I normally use cabbage as my base and then add meat: no coincidence the last was with shrimp.

This comes with a warning. I am a sucker for cooked cabbage. I could make a meal of it...
Going get me some of those wrap when we go back shopping. Yes, I like cabbage.
 
Same here. New one on me. BUT, definitely on the "to-do" list.

The timing of this post is GREAT! My mom has been asking me to buy black-eyed peas, I have. I mentioned the ham I smoked...was thinking about a slice of that with the peas today for lunch...cornbread on the side.

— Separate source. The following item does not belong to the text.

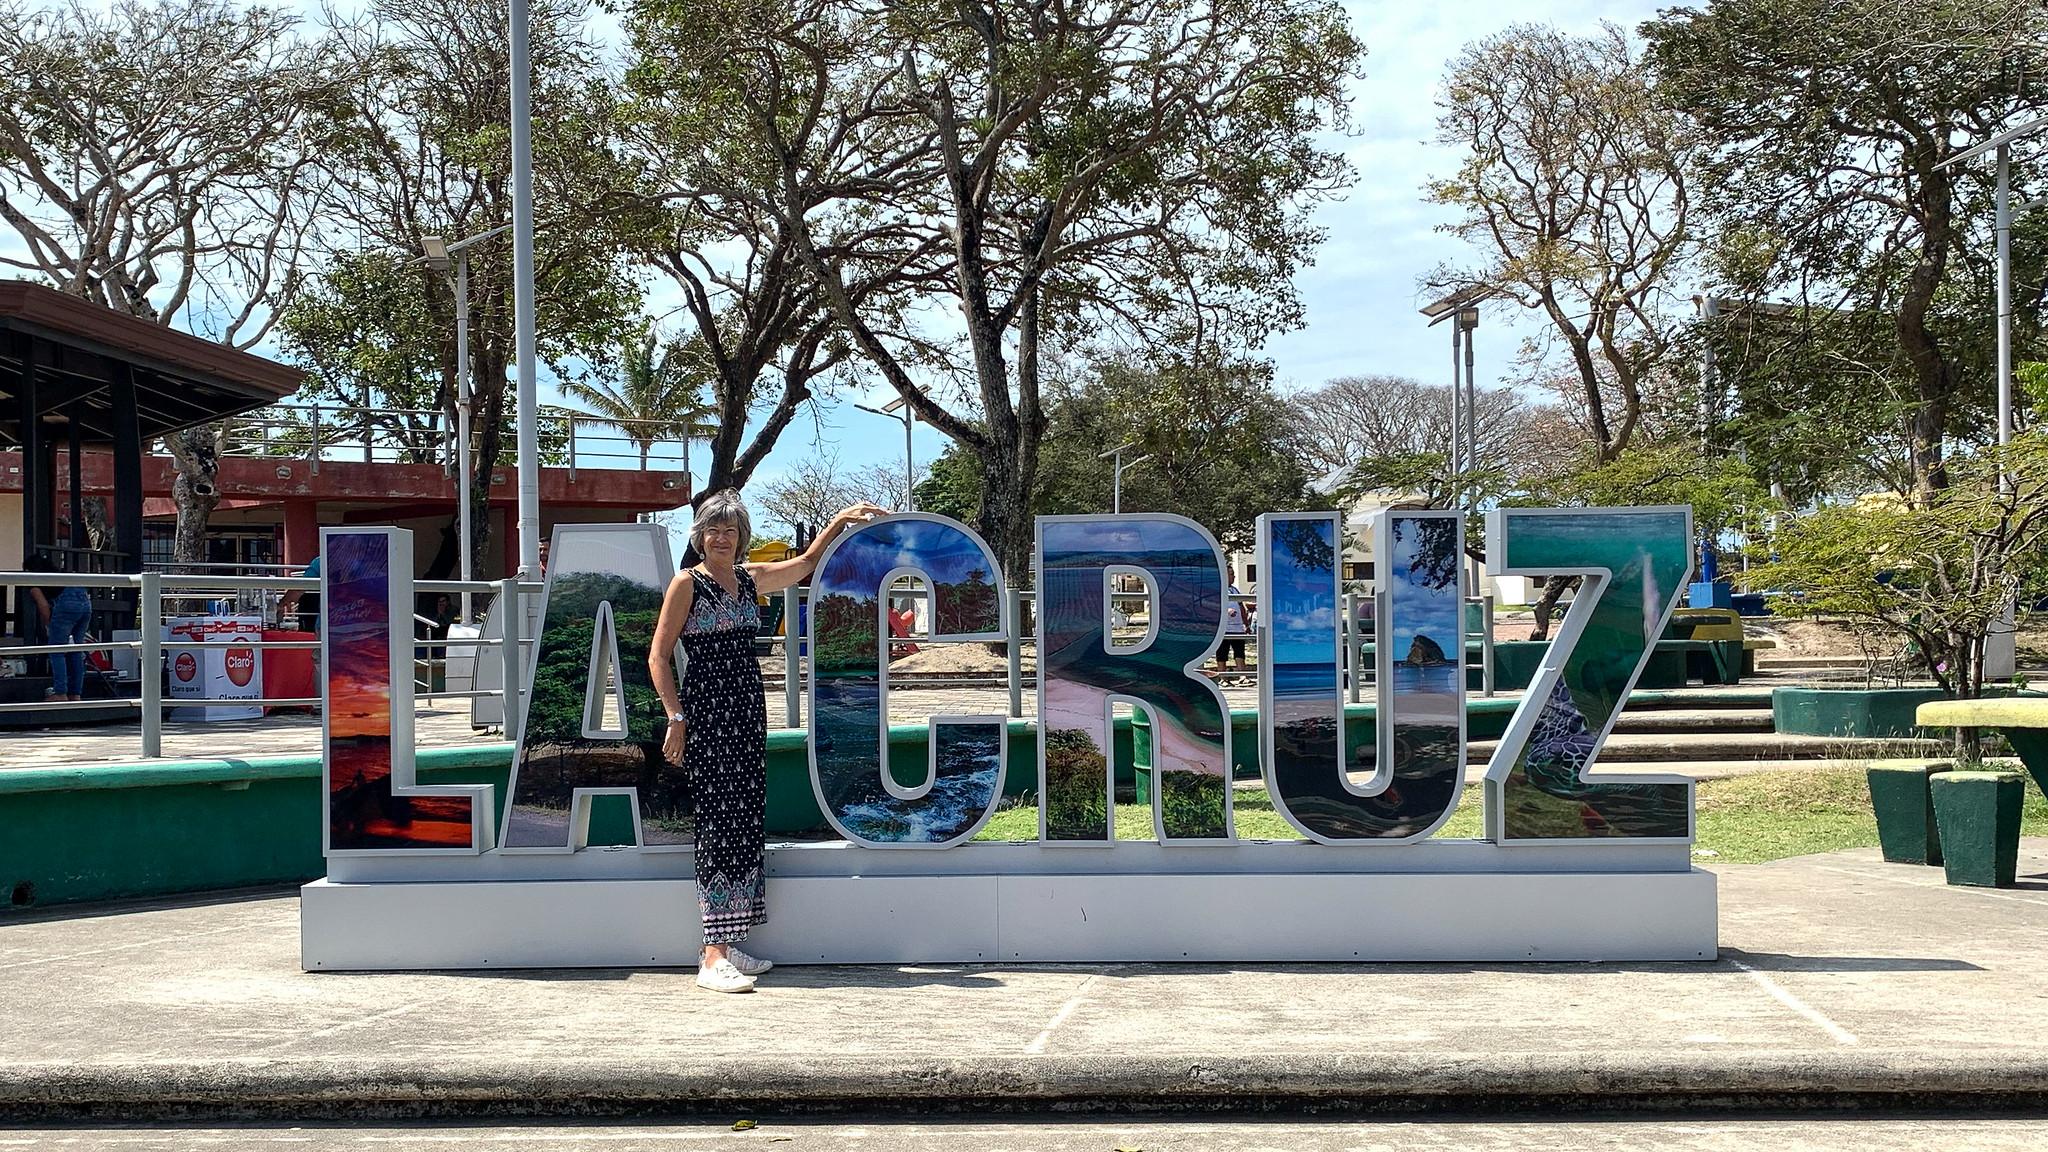 La Cruz - [Costa Rica]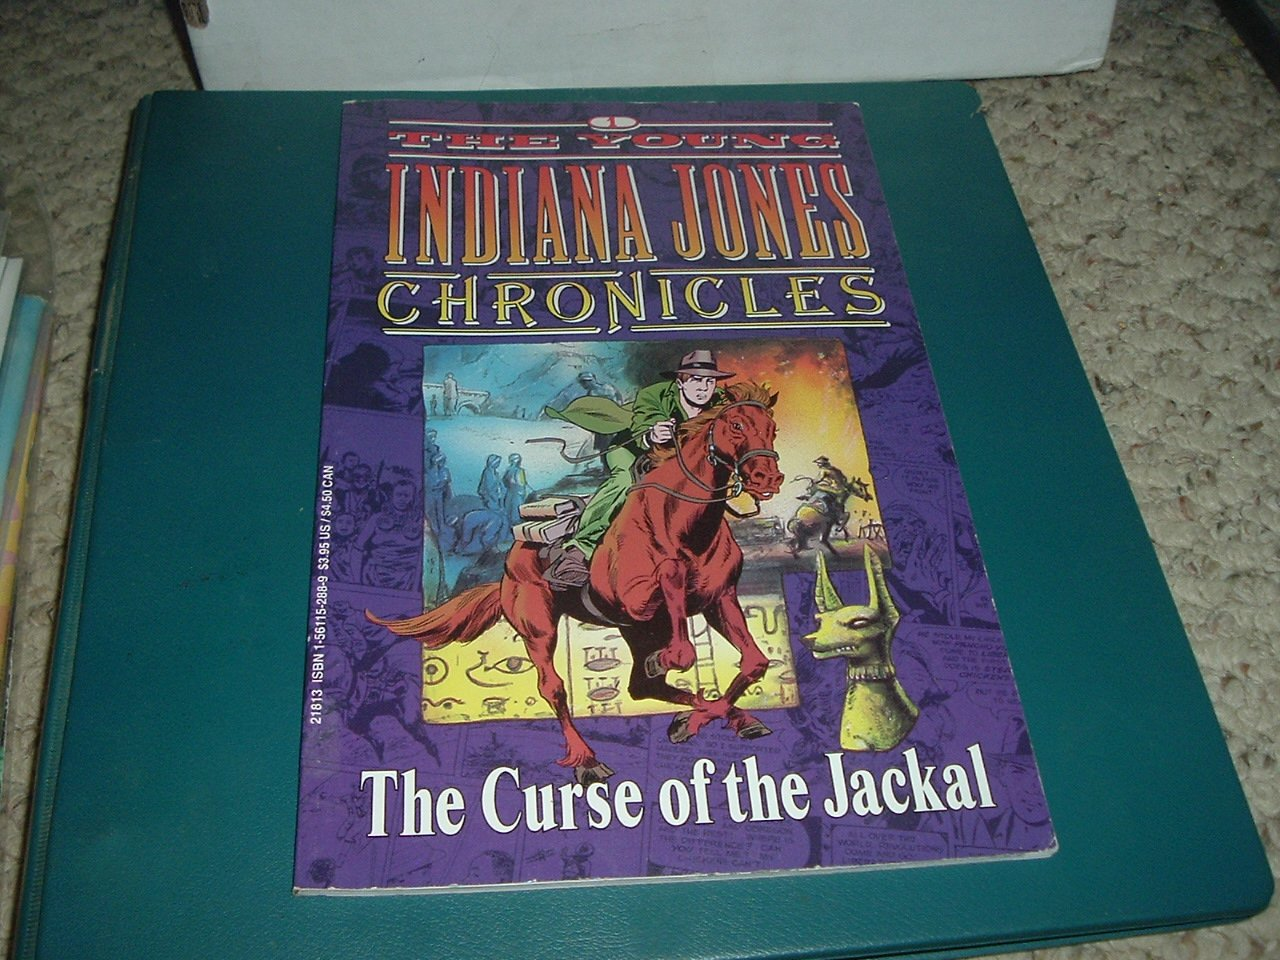 Young Indiana Jones Chronicles Volume 1: Curse of the Jackal GN (Dark Horse bookshelf graphic novel)

But now I'm rethinking this. @It Takes Eleven what do you normally have as a side with that? I've got some greens that would be good with that. (I hate cooking them, hate the smell, don't hate eatin' them.) Fried green tomatoes with greens and those patties...hrmm.
Typically, it is a side, but it's a decent plant-based protein...less so than the peas themselves. If I were picking, I'd have turnip/mustard greens with them and let the pot likker soak into them. I eat chow chow with blackeye and pintos, so that works. If having a meat, I'd go with hamburger steak, meatloaf, fried chicken, really anything.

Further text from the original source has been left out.